The IMF has released its report on Pakistan’s Governance and Corruption, and lo and behold!! It has found that there is elite capture in Pakistan, and thus corruption. It has claimed that while corruption recovery efforts have yielded 5.31 trillion so far, that was only a fraction of the actual cost of corruption. The IMF’s concern with corruption reflects bothe the pervasive nature of the menace as well as the pervasiveness of the IMF’s oversight of the economy. Because the IMF sets tax collection targets, it is concerned with the leakages, such as corruption, that prevent those targets being achieved.
However, that may explain why the IMF projections are not always corrupt. There is every danger of the corruption charge just becoming an excuse to cover up for the shortcomings of the IMF predictions and assumptions. This is problematic, for it will not lead to a correct solution of the economy’s problems. It is also too much of a cop-out at a time of rising demand for climate justice. One of the most used arguments by the indutrialised West is that the Third World countries that need the most help are corrupt and must be lent the money rather than given it. Apart from these general issues, the IMF now gets to intrude in areas from which it was previously excluded. For example, it wants the annual report of the Special Investment Facilitation Council published, with a list provided of the investments that have been facilitated. The IMF Seal of Good Housekeeping may be needed if the country is to access international money markets, but it seems that the cost will be to ensure that any institution still not completely under the IMF’s thumb, must come under it.

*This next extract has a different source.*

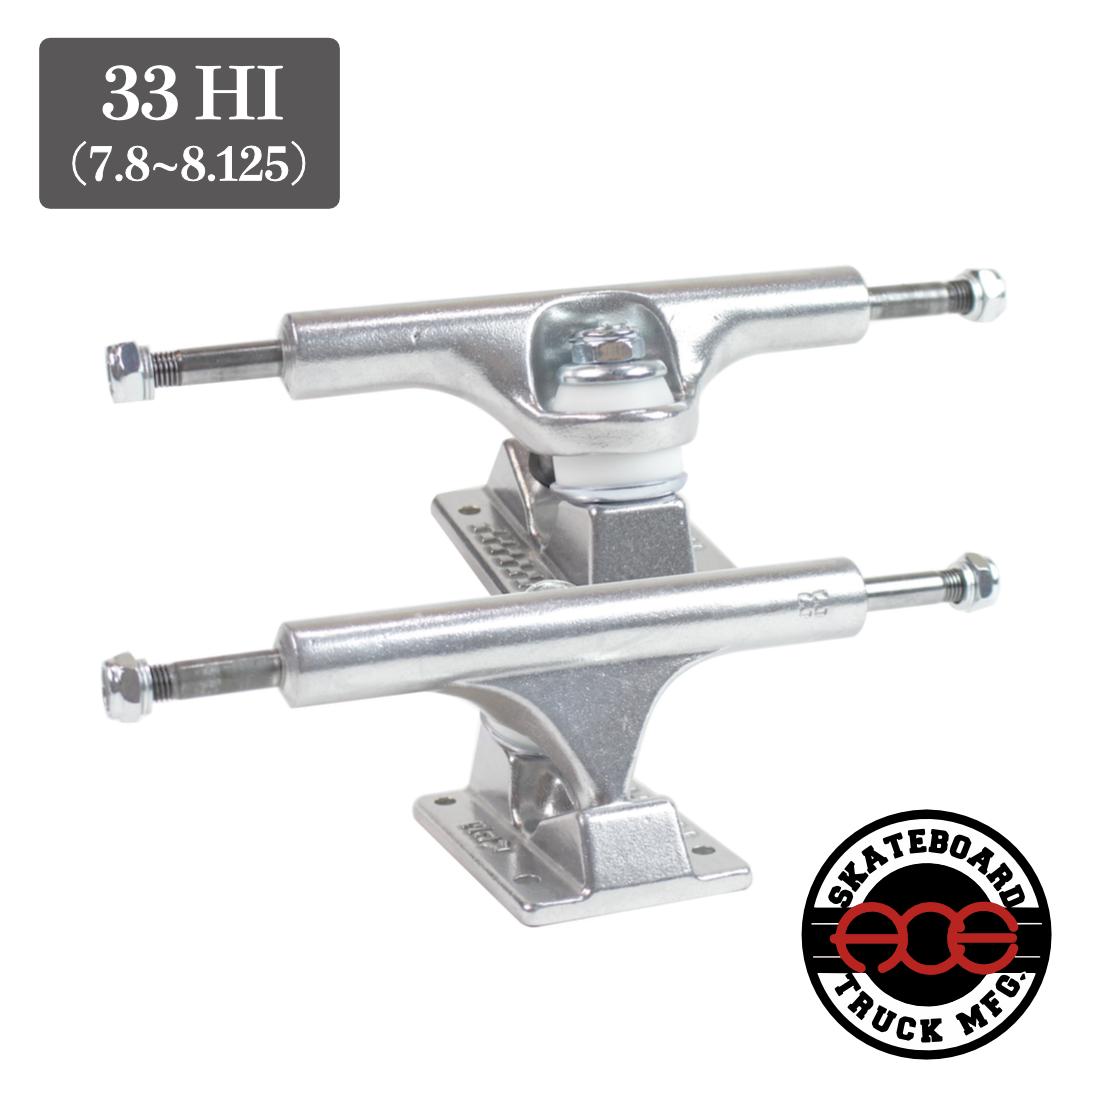 【Ace Truck】 Standard - 33 (139)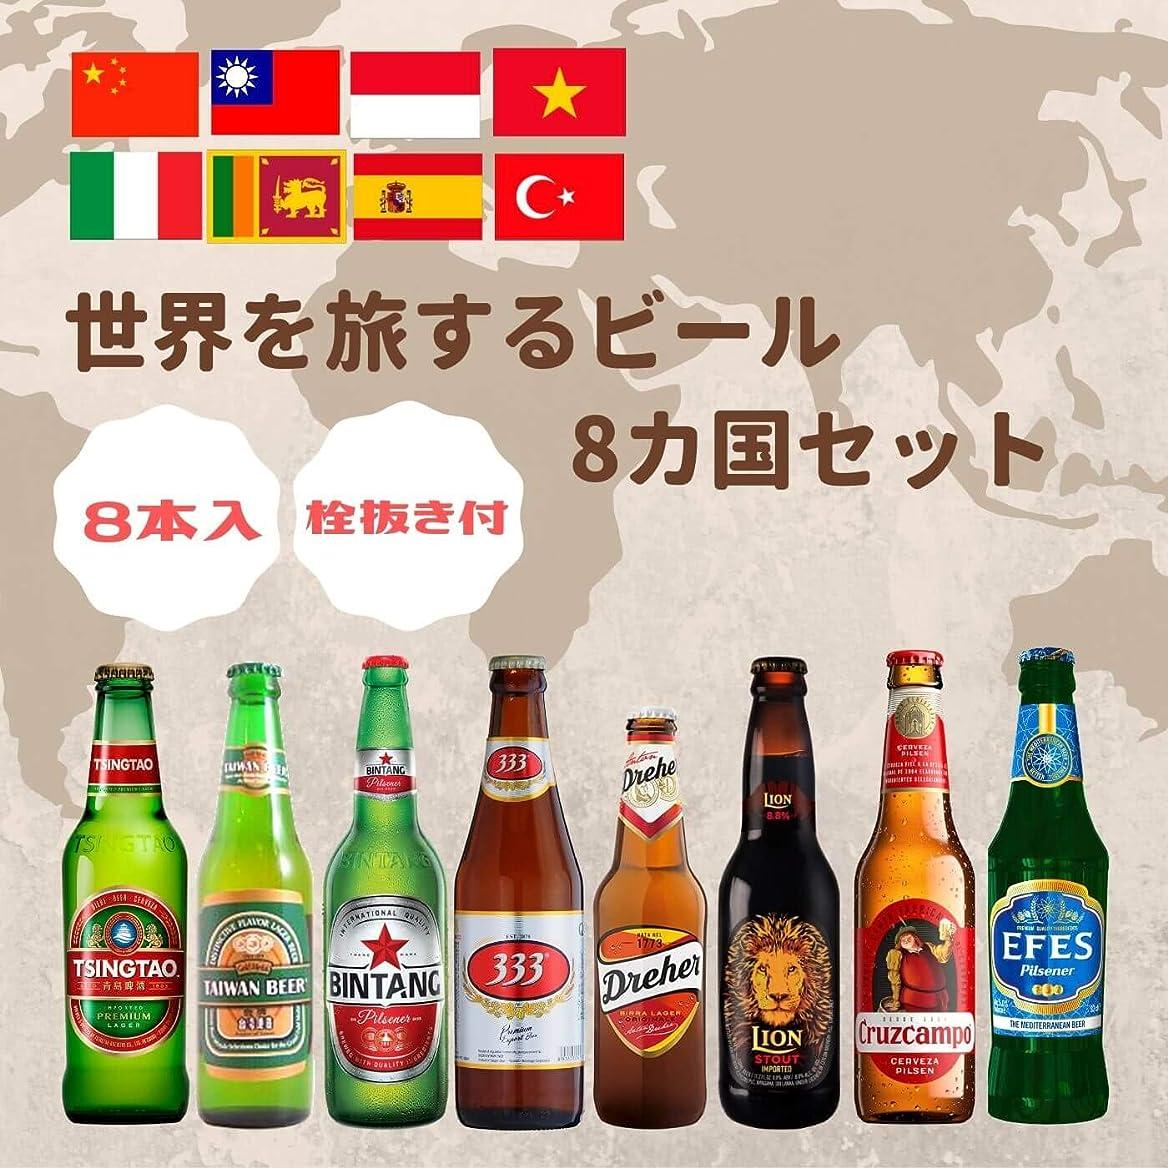 コメンテータースイ置くためにパック【WEB限定】世界を旅するビール 8ヶ国8本ギフトBOX【オープナー付】勤労感謝の日 クリスマス プレゼント 誕生日 ギフト

The government cannot ignore corruption, but at the same time, it must keep in mind that national interests are not sacrificed purely for money. Thry may be thrown to the wind in a bid to satisfy foreign interests. It should never be forgotten that the IMF is not a benign institution, but very much part of the Washington Consensus which the USA developed after World War II to bend a decolonizing world to its will. Pakistan has been down that road before, and the results are not beneficial.